Produced by Denise Beilinson, Francis Polytechnic High School, 2000
This unit will describe how Europe has changed from a continent of countries separated by culture, economics and borders to a union of a group of member countries with the goal of forging cultural and economic ties. We will study how this came about, the goals of the EU, advantages, problems that may need to be addressed, geography and an in-depth study of each country in the EU and prospective members.
Motivation: Ask students how they would feel if after using our currency they had to get used to a whole new type of & currency.
Lesson: Students will take notes and discuss key events leading to the Euro, advantages and problems of the EU. They will read Switzerland Toys with Europe resource and write a one to two paragraph response to the handout.
Homework: Students will make their own timeline from their notes.
Motivation: Can you imagine if we had a border crossing between California and Arizona? How would you feel?
Lesson: On overhead compare postwar Europe and EU enlargement. Hand out maps. Students will use previously researched info to fill in products that each nation Manufactures or produces.

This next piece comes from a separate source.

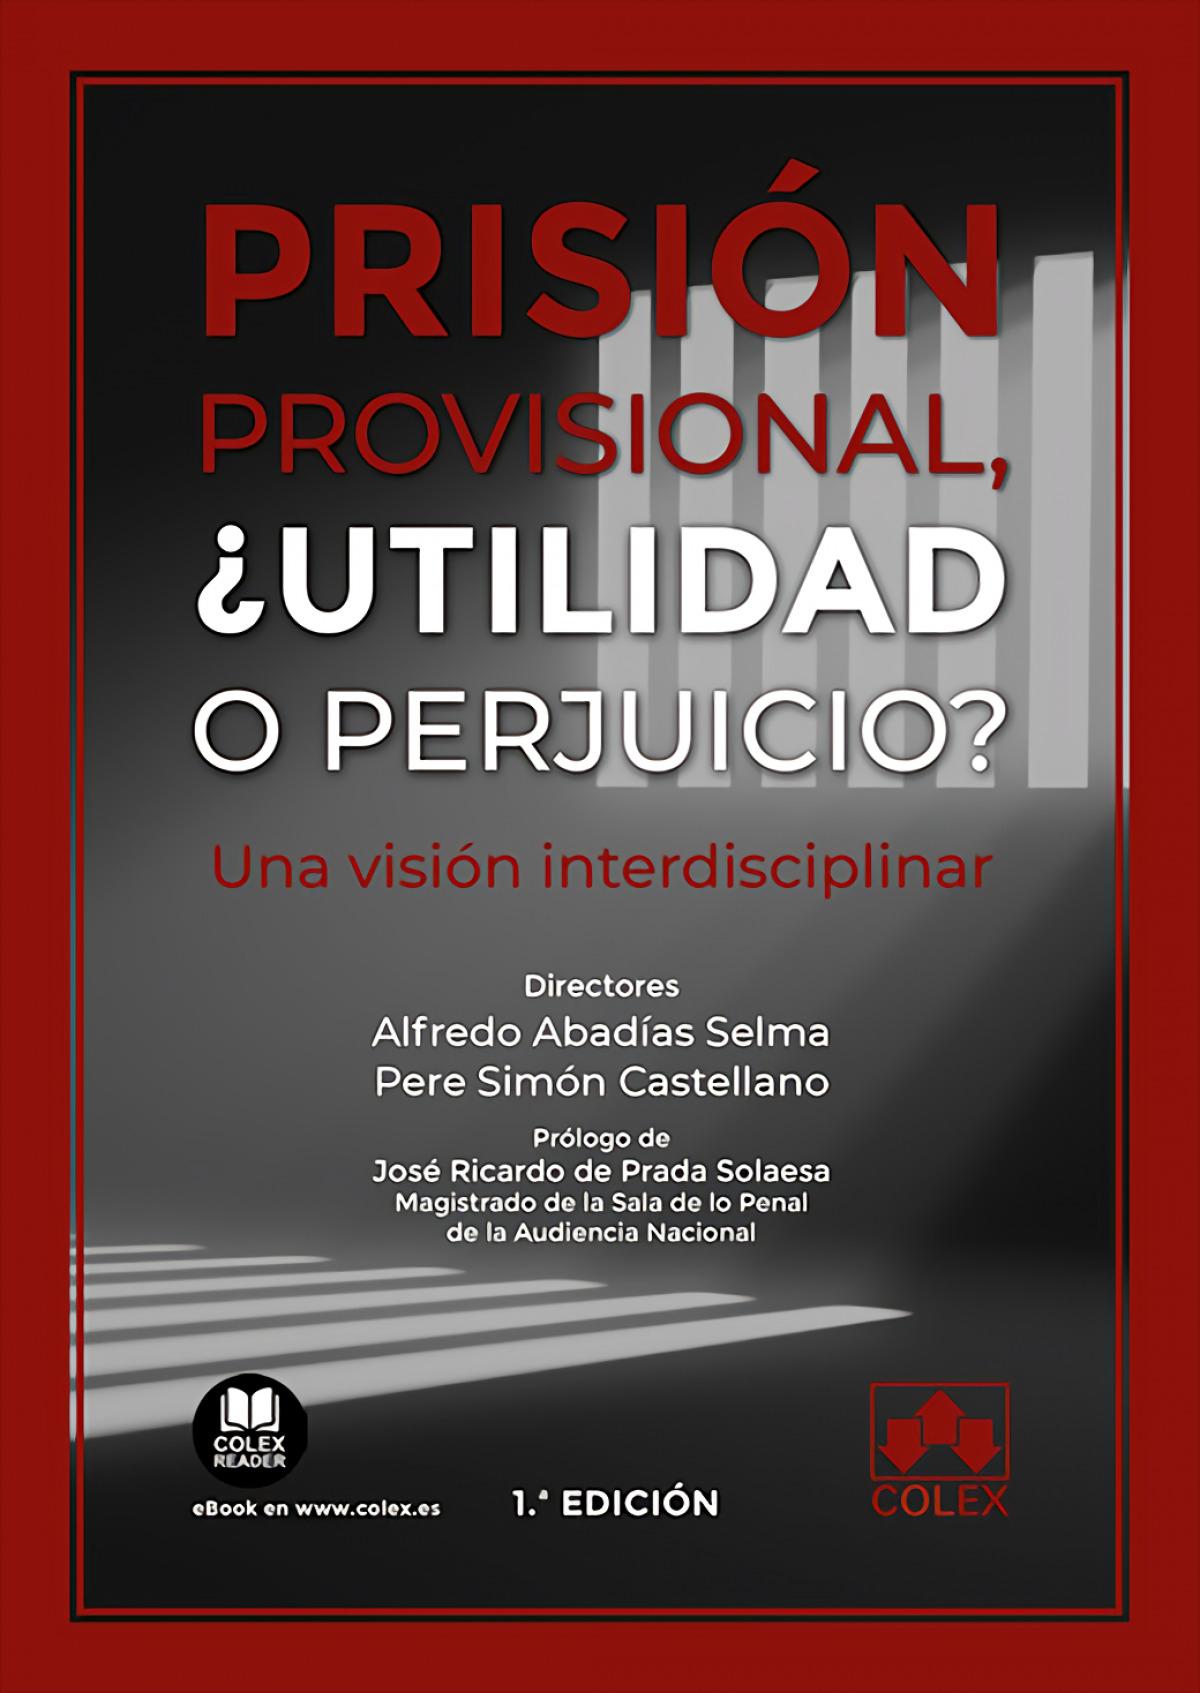 Prisión provisional, ¿utilidad o perjuicio? 9788413591070

The students will also be required to trace the migration that is a major aspect of the European Union.
Homework:Students will complete maps at home and will be graded on neatness and accuracy.

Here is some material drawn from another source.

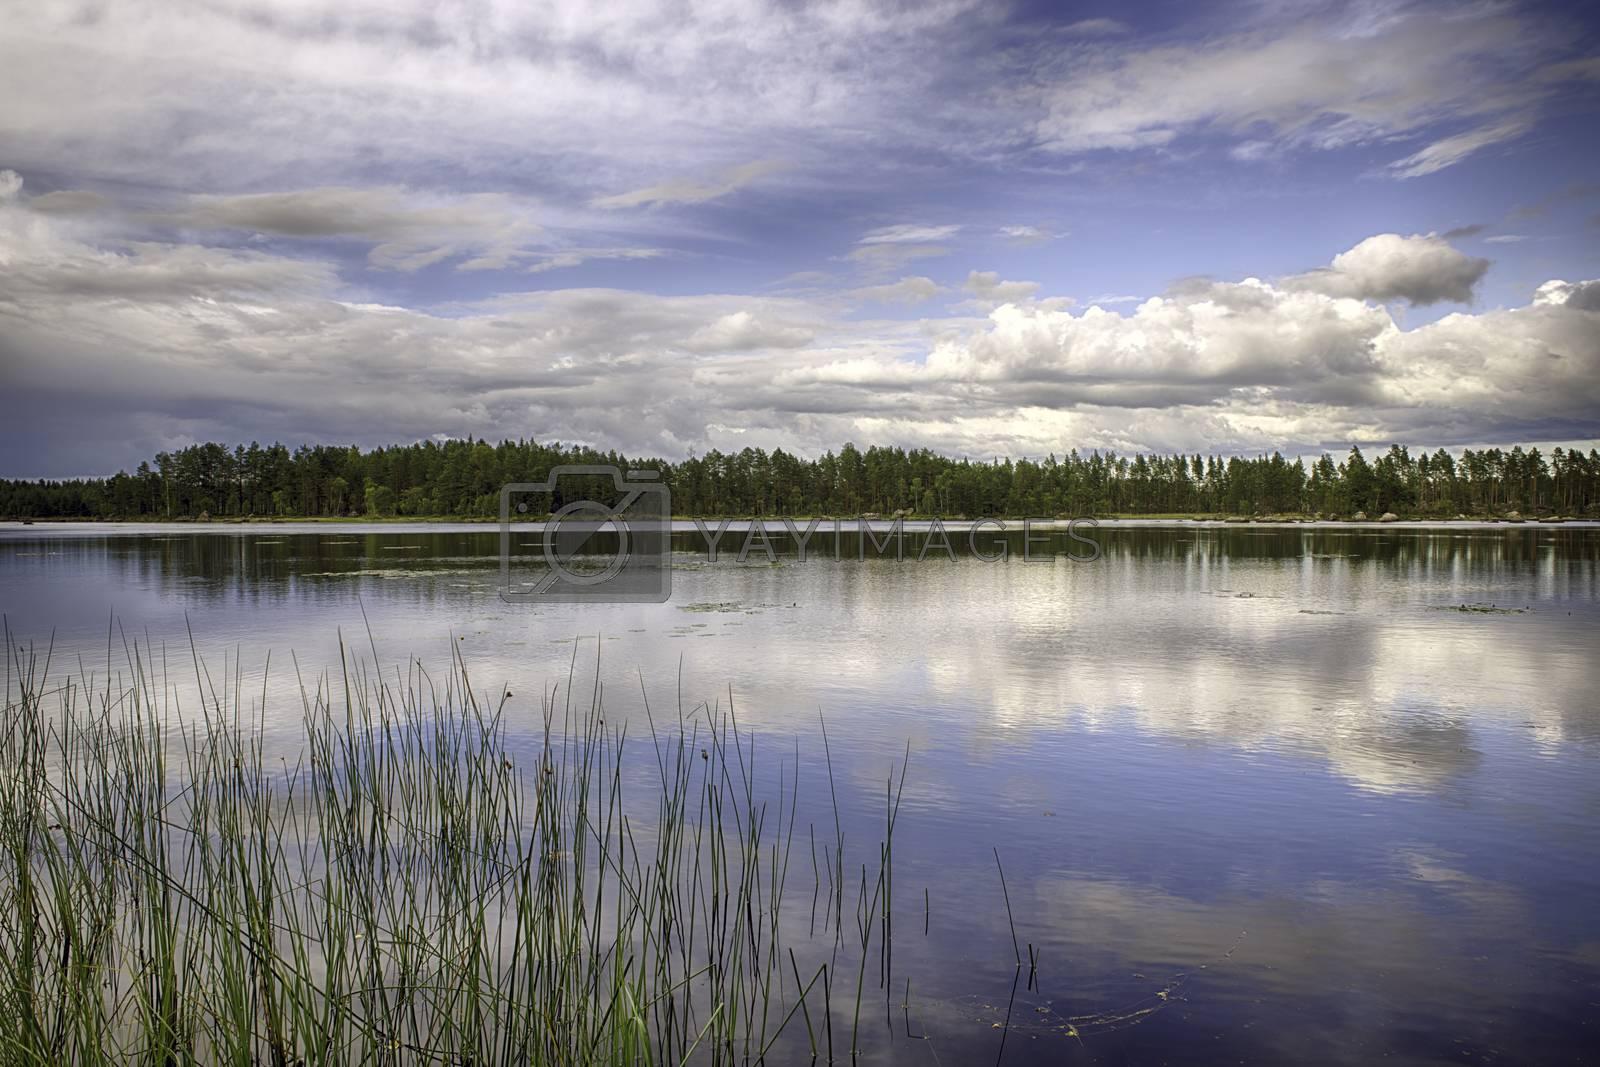 Royalty free image of Swedish Landscape by mizio1970

Lesson: Students will read case study. They are given vocabulary and definitions. They are asked to answer specific questions. Students will debate among each other what the outcome will be. They will be evaluated on answers and participation.
2-3 Days in Computer Lab for information.
2 Days in groups to prepare presentation.
Lesson: Students will divide into groups. Some groups will choose a member of the EU at random to write and do an oral report. Each student is responsible for a portion of the report: Economic, cultural, political and geography (migration). Certain points will be identified that must be included in the report. Other groups will choose a potential member and include the same information, but at the same time must convince the members of the EU why they should be given membership.
Lesson: Students will give an oral report to the class on their research. After the presentations, students will debate whether the prospective countries should be admitted and when. Students will take and submit notes on each presentation. Students will write questions and answers, which will be incorporated into a quiz.